New AI Model Breaks Language Barriers with Multimodal Translation

Meta, the company formerly known as Facebook, recently unveiled its latest AI model, SeamlessM4T, which aims to revolutionize language translation. This “massively multilingual” model has the capability to translate speech and text in up to 100 languages, facilitating effective communication between individuals who speak different languages.

What sets SeamlessM4T apart is its ability to handle both text-to-speech and speech-to-text translations, as well as speech-to-speech and text-to-text translations. The model boasts features such as speech recognition, speech-to-text translation, speech-to-speech translation, text-to-text translation, and text-to-speech translation. With support for approximately 100 languages in text translation and 36 languages in speech output, SeamlessM4T offers an extensive range of language capabilities.

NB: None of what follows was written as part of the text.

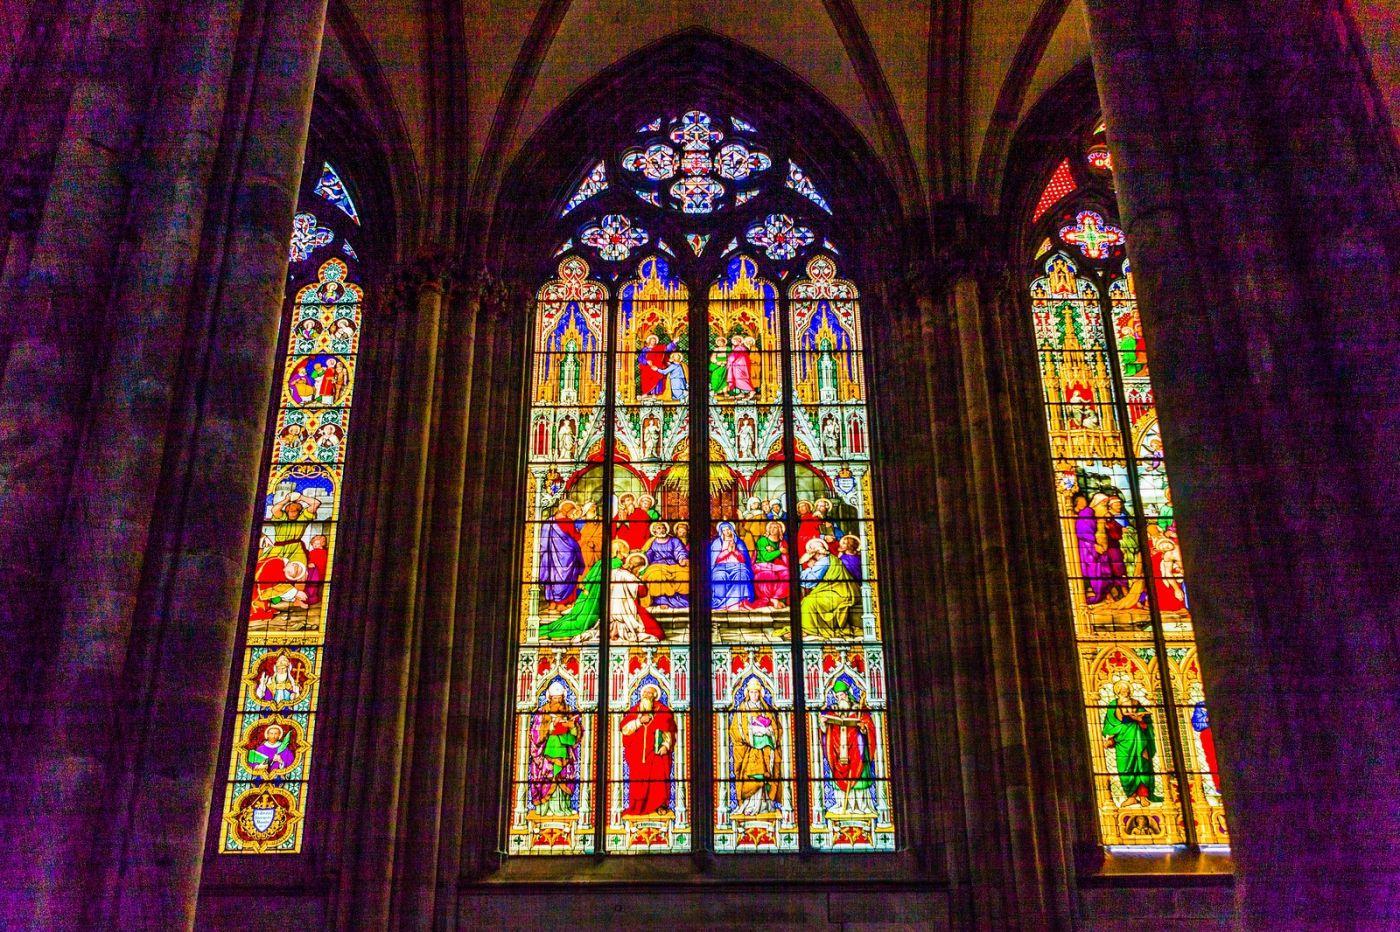 德国科隆大教堂,独一无二的窗户玻璃_图1-1
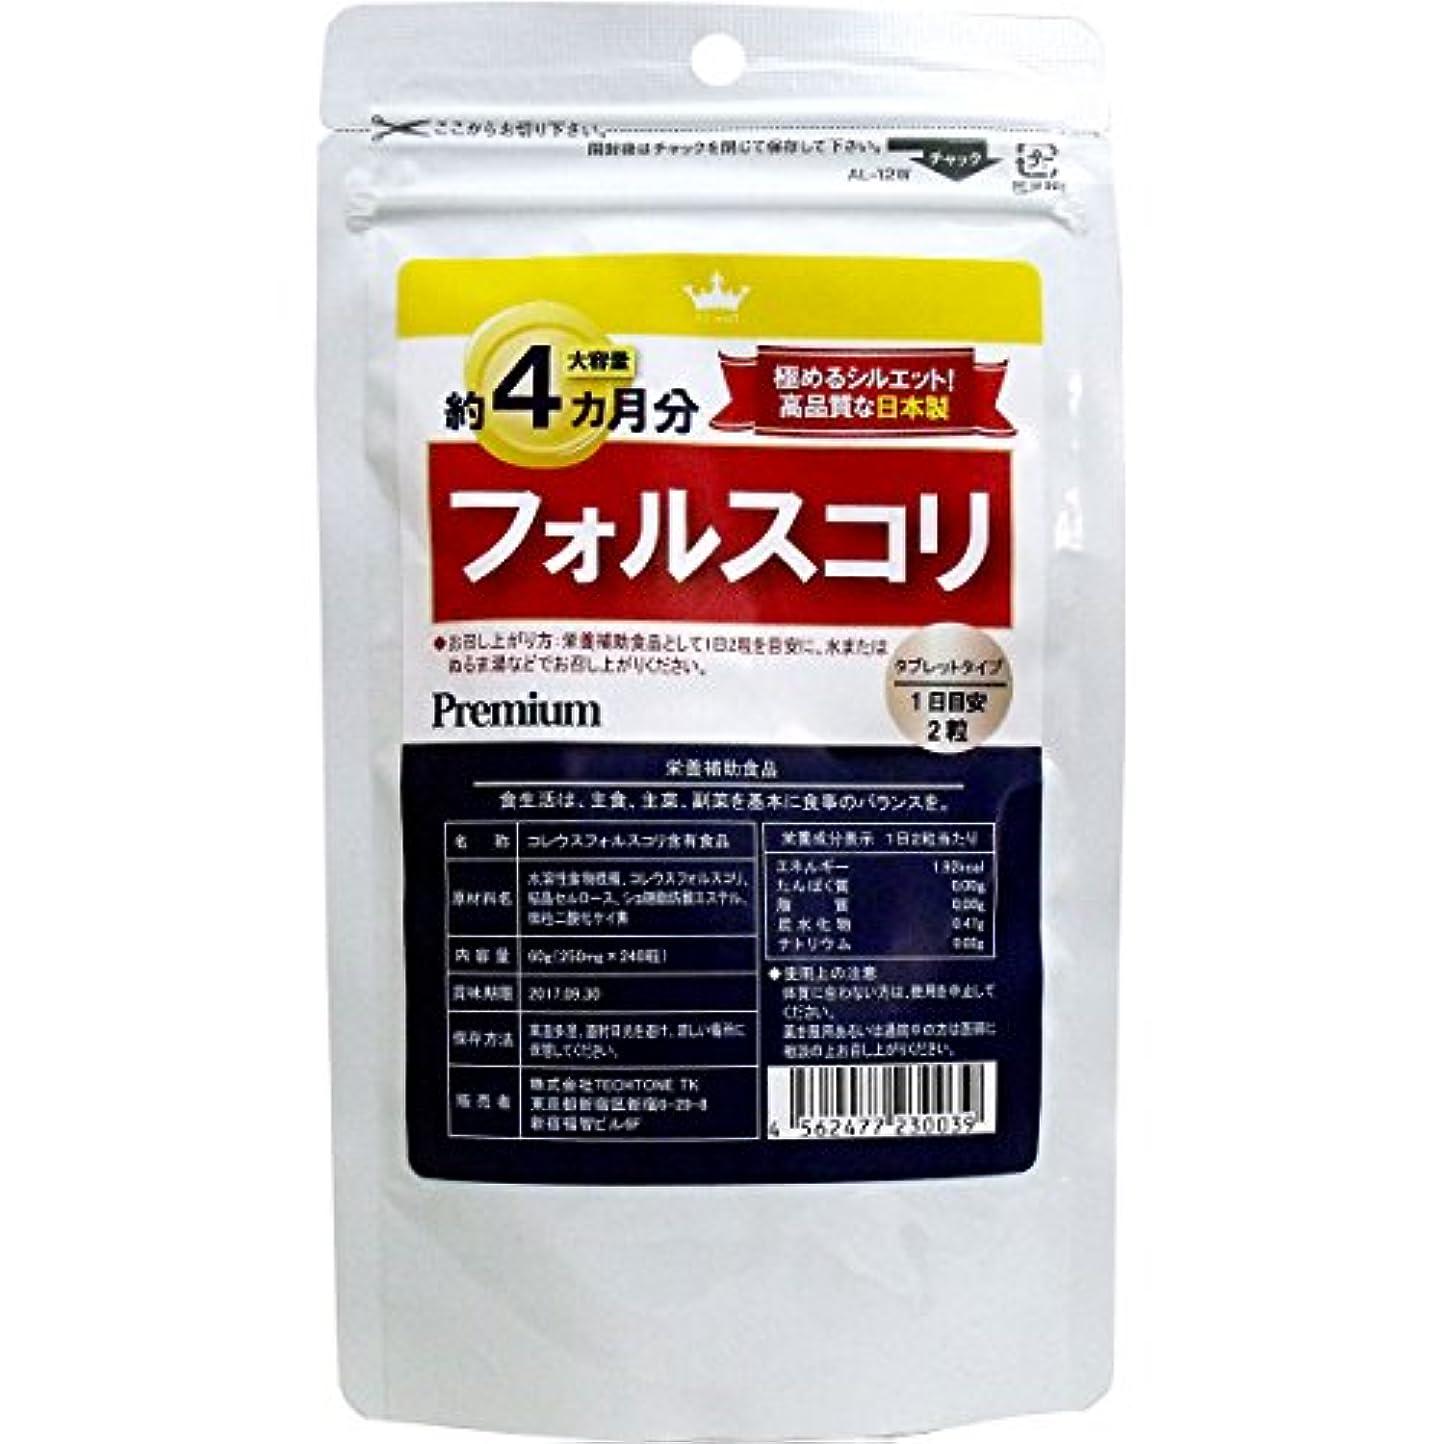 監督するなかなか画面サプリメント 高品質な日本製 健康食品 フォルスコリ 約4カ月分 240粒入

Meta’s approach to AI is commendable, as the company is releasing SeamlessM4T under a research license that permits developers to build on the model’s capabilities. This move promotes collaboration and innovation in the field of translation AI. In addition, Meta is releasing SeamlessAlign, a valuable dataset for multimodal translation research, consisting of an impressive 270,000 hours of speech and text alignments. This dataset is expected to facilitate the development of future translation AI models by researchers worldwide.

To train SeamlessM4T, Meta’s researchers created a multimodal corpus called SeamlessAlign, comprising over 470,000 hours of automatically aligned speech translations. They further refined this corpus using human-labeled and pseudo-labeled data, resulting in an extensive training set totaling 406,000 hours. While Meta is somewhat discreet about the sources of its training data, the text data is derived from a dataset deployed in NLLB, comprising sentences sourced from various reputable platforms and translated by professional human translators. As for the speech data, it comes from a vast repository of web audio, amounting to 4 million hours, with 1 million hours in English.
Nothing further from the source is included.